Los leñadores, ahora sudando y jadeando, seguían cortando. Cada golpe era más pesado que el anterior, más grotesco. La madera se astillaba y se partía, emitiendo crujidos que recordaban el sonido de huesos rompiéndose. La savia seguía brotando, cubriendo las manos de los hombres, pegajosa y tibia, como si cortaran a una criatura viva.

El árbol ya no emitía ningún sonido, pero el eco de su dolor parecía vibrar en el aire. Las raíces crujían bajo la tierra, como nervios que se desgarraban, incapaces de sostener el peso de aquel gigante por mucho más tiempo.

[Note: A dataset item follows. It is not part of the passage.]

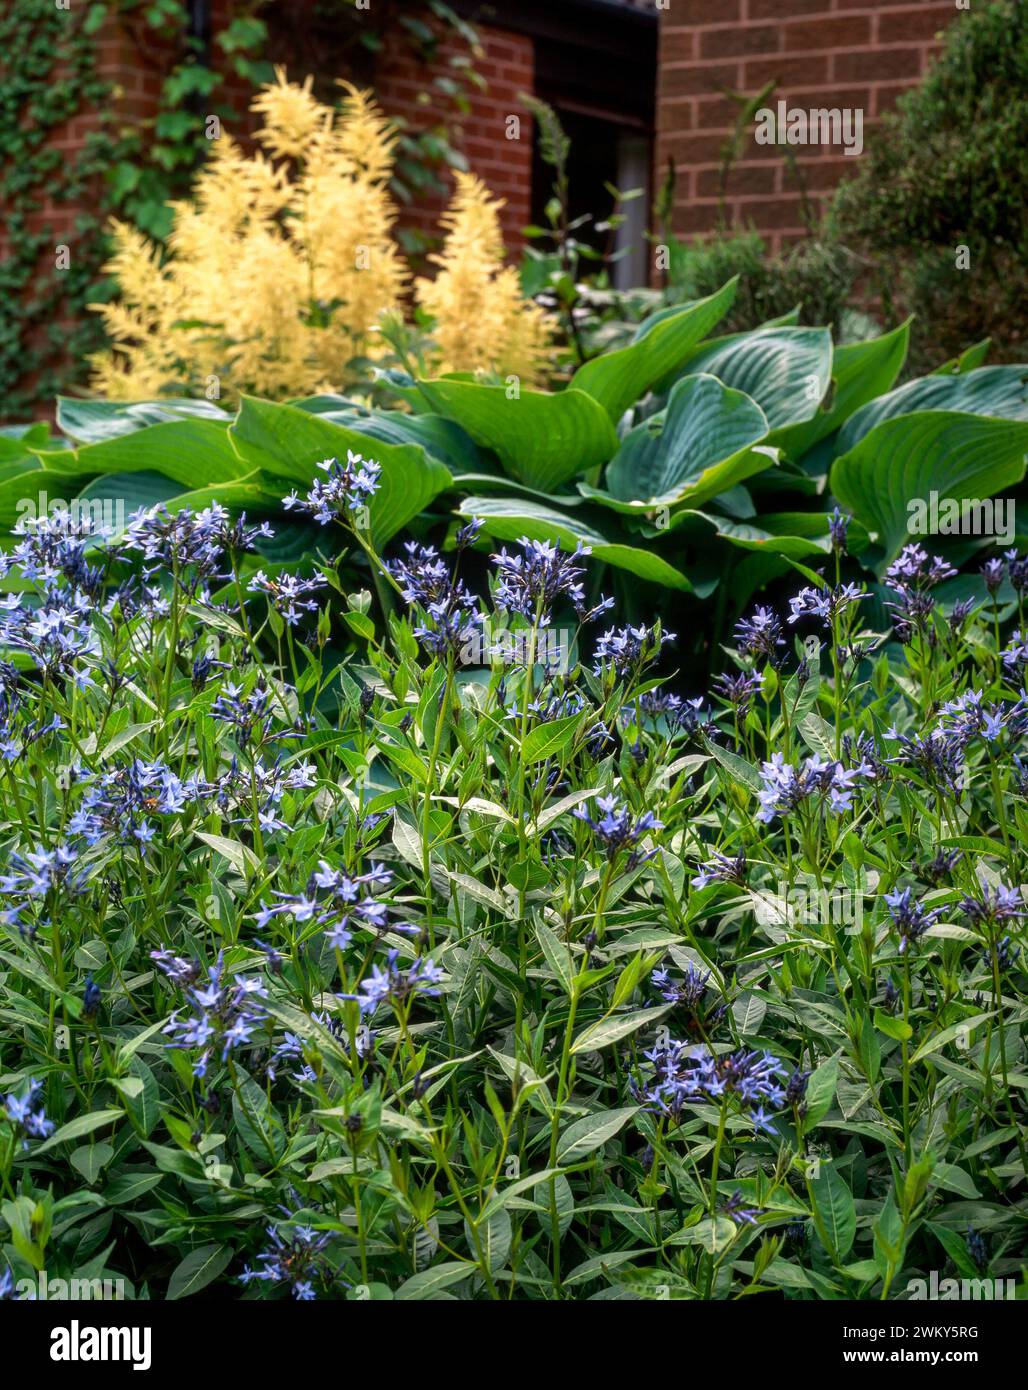 Eastern bluestar (Rhazya Orientalis) mit blauen Blüten und grünen Hosta-Blättern und Astilbe-Blüten dahinter, wächst im englischen Garten im Juni, England Stockfoto
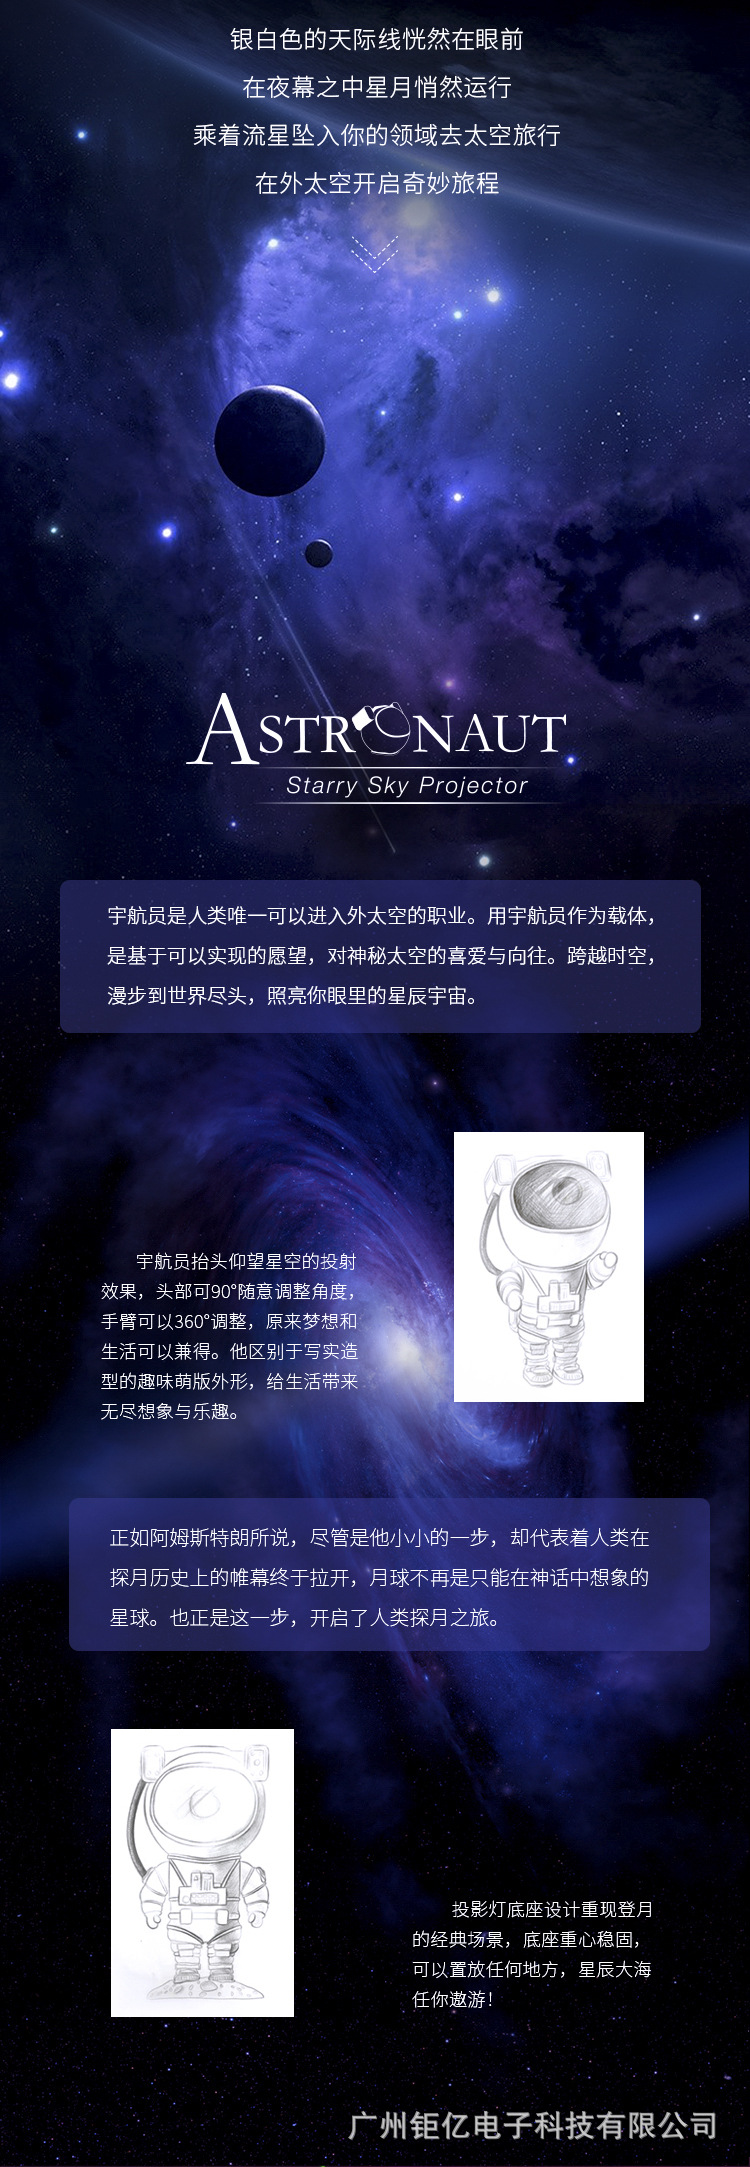 Astronaut Projection Lamp Details Page-Cut Figure-2.jpg

Finalmente, con un estruendo que sacudió el suelo, el coloso comenzó a inclinarse. Las ramas más altas arañaron el cielo en su caída, y cuando impactó contra el suelo, la tierra tembló.

El rey observó, sin moverse, mientras el árbol caía y se partía. Lo que antes era un ser inmortal, ahora yacía destrozado, con su ojo finalmente cerrado. Solo quedaba un cadáver de madera y savia.

El rey se acercó, caminando sobre los restos del árbol caído, y levantó una mano hacia lo que quedaba de su tronco.

—¿Por qué lloras, maldito? —murmuró, su voz impregnada de una cruel satisfacción—. ¿No eras tú quien decía que nada importa? Tu dolor es insignificante. Y ahora, ante mí, estás derrotado. ¿No lo ves? Yo soy un dios ante ti, insignificante ser. Llora todo lo que quieras, tu llanto no significa nada. Justo como me dijiste.

Y entonces, mientras el silencio se asentaba sobre el claro, no quedó nada. Ni palabras, ni respuestas. Solo la indiferencia del cosmos, que había presenciado una vez más la caída de algo inmortal, bajo las manos de alguien que nunca comprendió lo que buscaba.